Each one of us, on whichever side of the Committee we sit, is, in a sense, his own Chancellor. In that sense, each of us will always be able to think of a better way of doing a particular thing than the way in which the Chancellor may choose to do it. In that sense I would have dealt with Surtax in a different way. In that sense, no doubt I would have done other things in a different way because in this respect each of us, quite properly, is his own Chancellor. That is why I chose the hon. Member for Ashton-under-Lyne as a sort of lead in for me.

I think that the Budget is good because its central point is the establishment and the securing of a really large surplus. I agree with the hon. Member for Ashton-under-Lyne. There is every indication that a serious inflationary situation is on the point of developing. Because I believe that to be true, and having done a sort of strip-tease of quips, or polemics, or whatever it is of speeches made by right hon. and hon. Gentlemen, I believe that they hold essentially much the same view. That being the case, there was a duty on my right hon. and learned Friend to secure a large above-the-line surplus this year, and I will say a little more about that presently.

Mr. Mitchison

But not, at the moment, to reduce Surtax.

Mr. Green

I understand the hon. and learned Gentleman's attempt to draw me off the central point, but I will not be drawn away from it.

For what it is worth, I have done researches into the past Budget deficits and the net capital needs for the nationalised industries and the Post Office. My figures work out this way. Over the last nine years there has been a cumulative overall deficit on successive Budgets of about £2,130 million. The net capital requirements of the nationalised industries and the Post Office which must be added to that deficit appear to be £1,101 million, making total capital requirements to be found of £3,231 million over a period of nine years.

Those needs seem to have been met from extra-budgetary funds such as National Insurance, the iron and steel realisation account, departmental balances, and so on, of about £996 million, and external transactions through the Exchequer Equalisation Account of about £254 million. Total net borrowings from the public, that is National Savings and various Treasury issues, amount to about £1,132 million, leaving what one might call the residuary element—I believe that that is the fashionable phrase—of unsecured additional notes issued of about £849 million over this period.

Over a period of nine years an increase in unsecured pound notes of £849 million is less than £100 million a year. It is not a great deal in each year, but, accumulating year by year over nine years suggests a serious cumulative factor.
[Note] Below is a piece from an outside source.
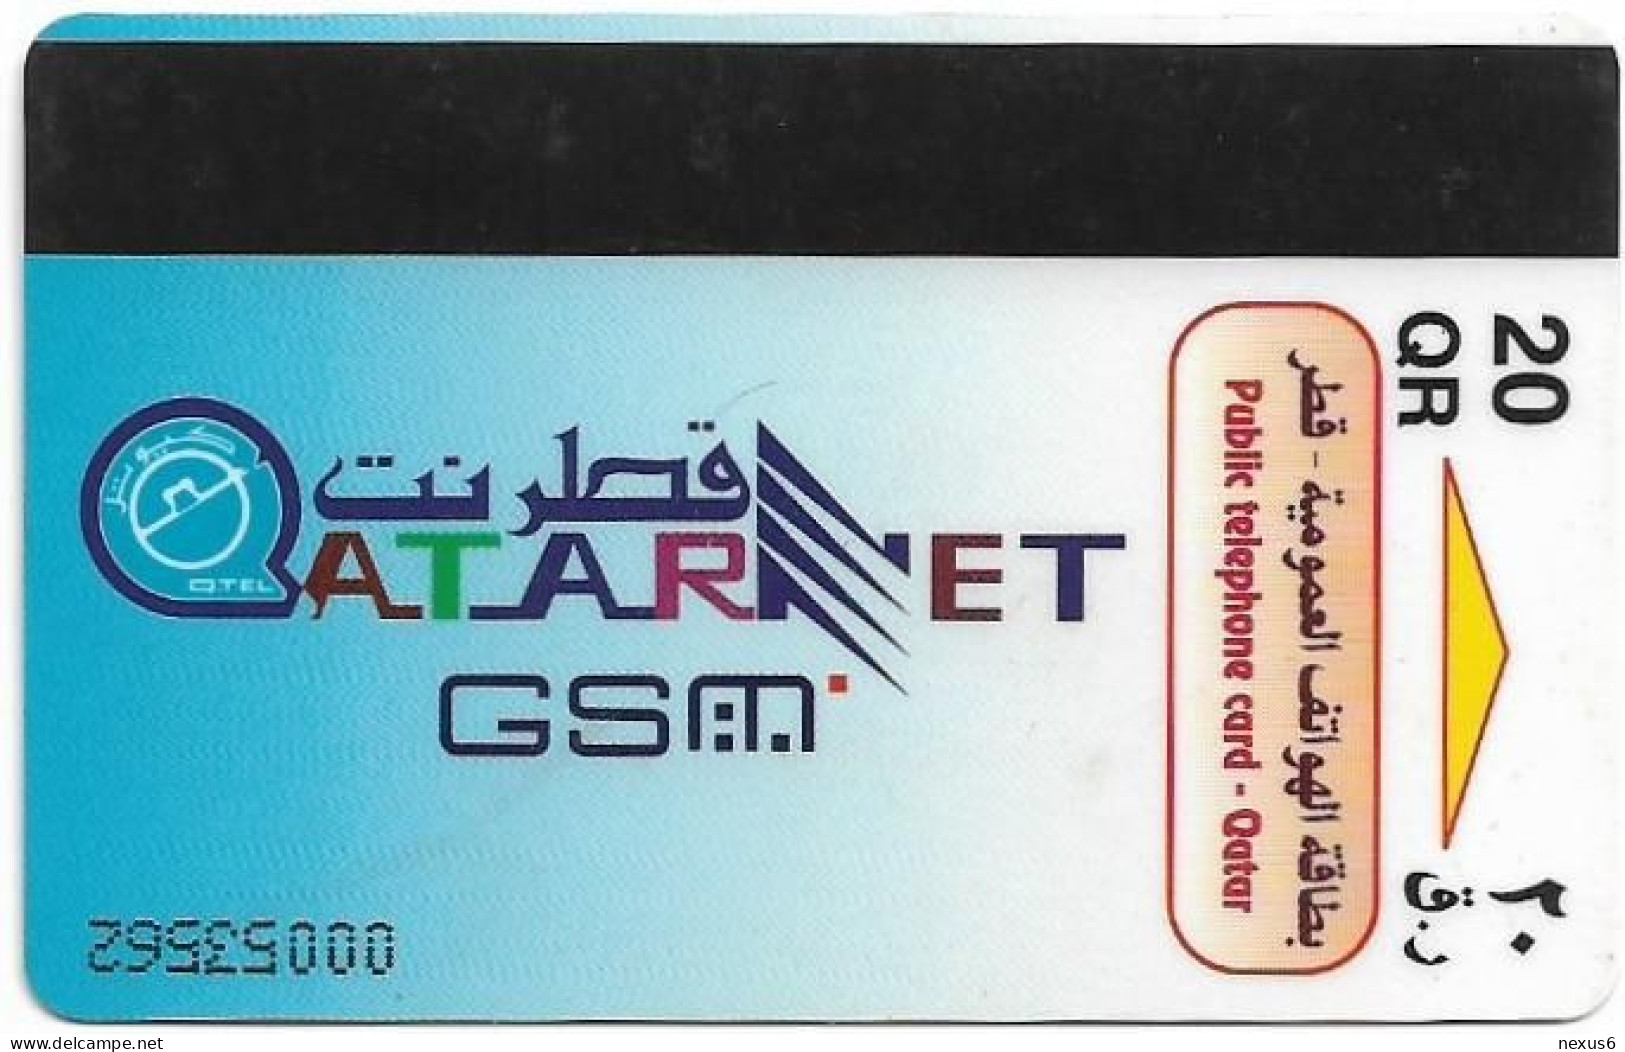 Qatar - Q-Tel - Autelca - Logo Of Arabian Horse Show '96, 1996, 20QR, 60.000ex, Used - Qatar

I assure right hon. and hon. Gentlemen opposite that I am not very doctrinaire about the point to which I am now coming. To me this £100 million or so over and above what the Government secure by savings or revenue, but still spend, would not be too serious if we were not, throughout the whole period, having full employment, carrying heavy defence liabilities, giving genuine aid on a massive scale to under-developed countries, and if we were not—whatever the to-and-fro across the Floor of the House—developing our general social services.

But because those four heavy and very honourable burdens have been carried through the same period of nine years for which my right hon. Friends have been in power, this relatively small, unsecured £100 million annually addi- tional to the total purchasing power of the country, with no real resources behind it, has been overloading at the margin, and that has mattered a great deal. I suggest that that is the main reason why it has been impossible to plan for a smooth growth of the economy during this period.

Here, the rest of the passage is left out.